Мы писали на консоли каждый может умереть,
мы писали на скрижали каждый может умереть,
мы писали на скрижали, на медали, на фланели…
Но из дальней нашей дали не звонили две недели.
Вышло так, как Вы сказали: каждый может умереть.
1
Самое светлое в мире занятие – наряжать ёлку,
приурочив событье к субботе… нет, к воскресенью,
чтобы действовать не торопясь, наряжать – долго,
наряжать серебром, наряжать янтарём, наряжать синью,
наряжать сапожком, наряжать туеском, наряжать сердцем,
наряжать стеклянною рыбою, бабочкою картонной,
наряжать жёлтой луковицей и пурпурным перцем,
и обматывать всё это дело весёлою паутиной,
а закончить – звездою, горящею, значит, над миром:
Мельхиору, как водится, Касперу и Бальтазару
чтоб, когда путешествуют с золотом, ладаном, мирром,
было, стало быть, празднично, их триединому взору…
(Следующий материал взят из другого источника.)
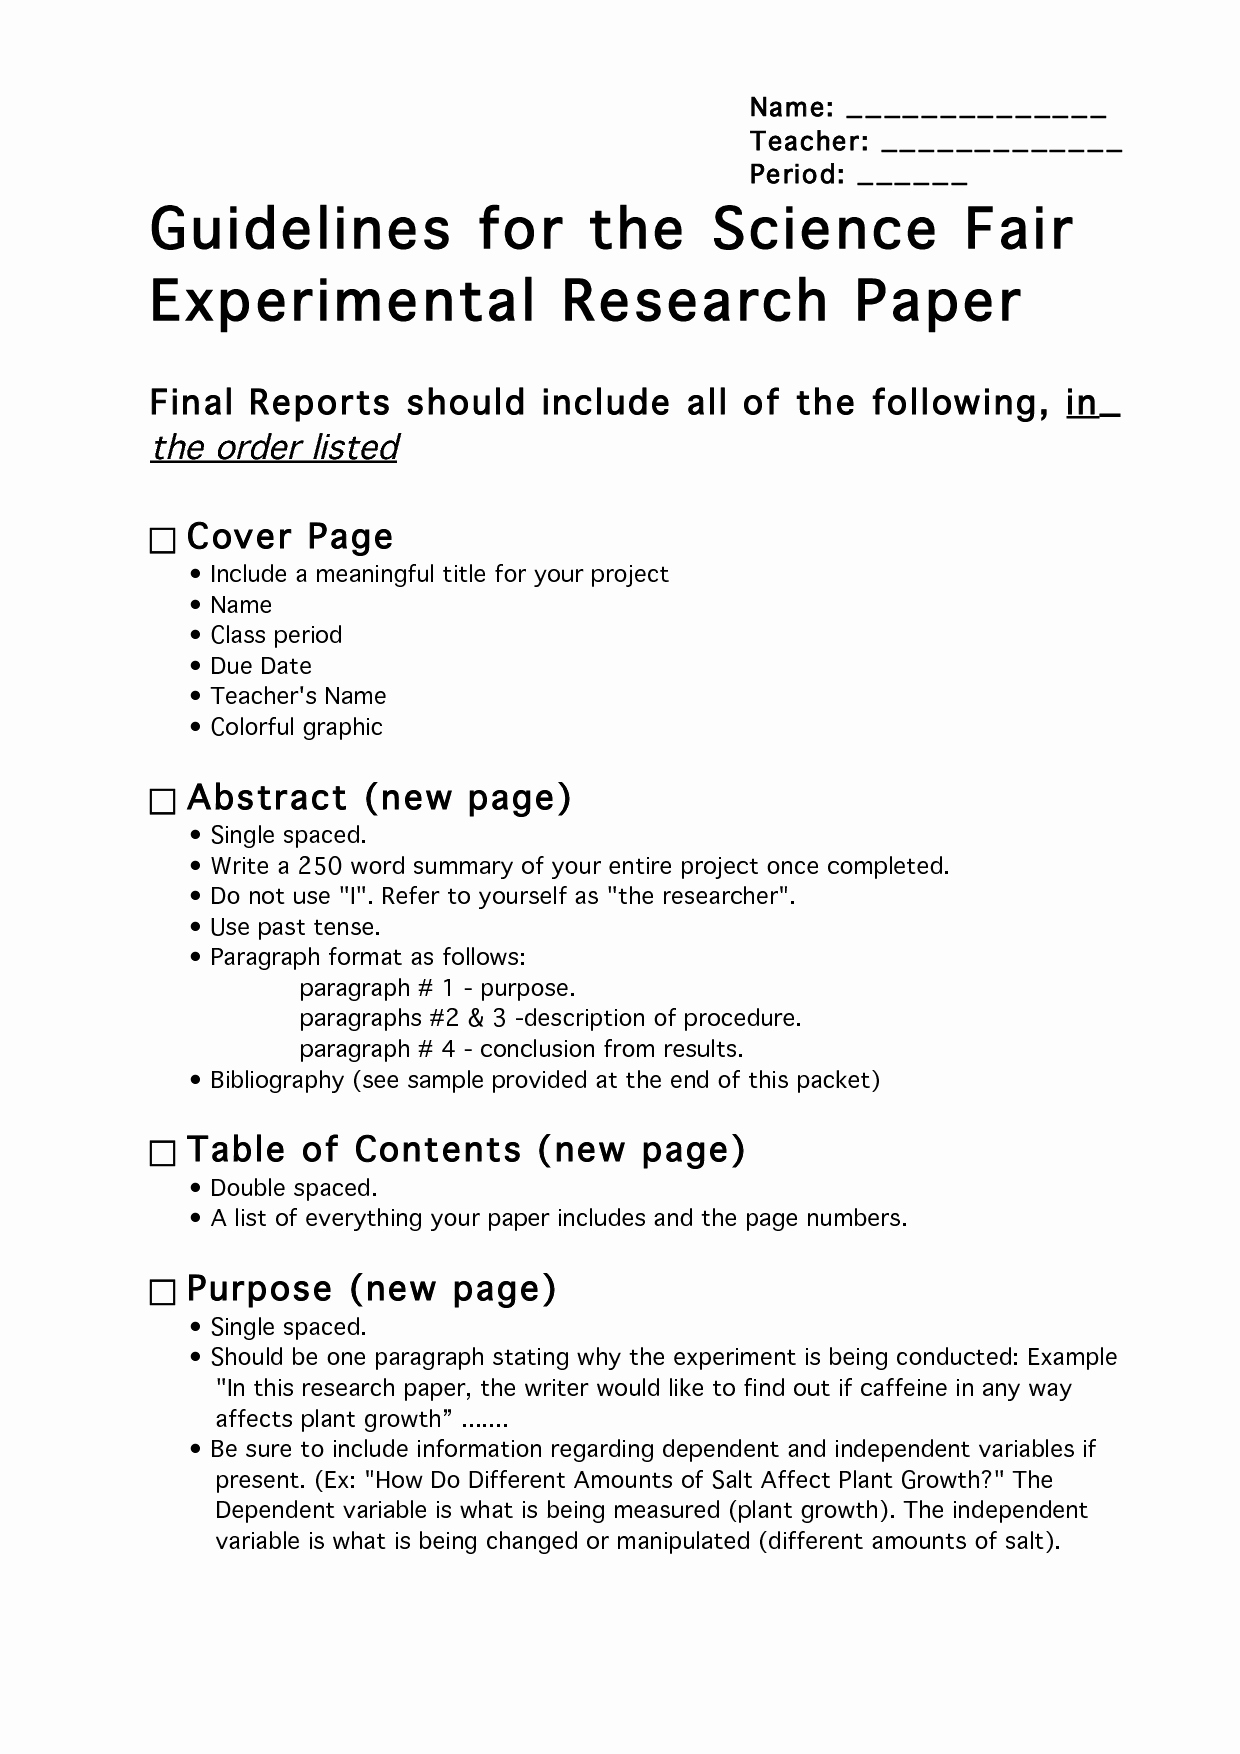 Science Fair Proposal Sheet Fresh Science Fair Research Paper Outline to Pin On

вот и всё, и теперь уж осталось смотреть и смотреть в оба,
шля привет из окна всем подряд, но особенно – пешим:
заходите ко мне, у меня сапожок, туесок, рыба
и другое, чего я, клянусь вам, даже не вешал.
2
Самое тёмное в мире занятие – разряжать ёлку,
удаляя по очереди за надеждой надежду —
нарисованную по небу, написанную по шёлку,
молоком между строчками выведенную, и между —
между нами всё кончено, праздники миновали,
убирай их теперь по коробкам, обкладывай ватой
танцы-шманцы твои, тили-тили твои, трали-вали —
никогда не ходи по пятам за сердечною смутой,
за огнями, вчерашними днями, местами родными,
упакуй свои звёзды, и сферы, и ленты подальше:
слишком сильно блестят… да и вот уж явились за нами
люди, звери, орлы, крокодилы и их крокодильши —
прогонять нас отсюда, как псов, извините, бродячих,
мы навешали всякого лишнего, вы извините,
всё уже поснимали – осталась лишь пара сердечек
и дождя золотого отдельные, редкие, нити.
3
Самое тёмное в мире занятие – заряжать пушку
через произрастающий вверх металлический стебель,
стебель вечно пустой, потому-то он и нараспашку —
загружать, значит, всякую гибель и всякую убыль…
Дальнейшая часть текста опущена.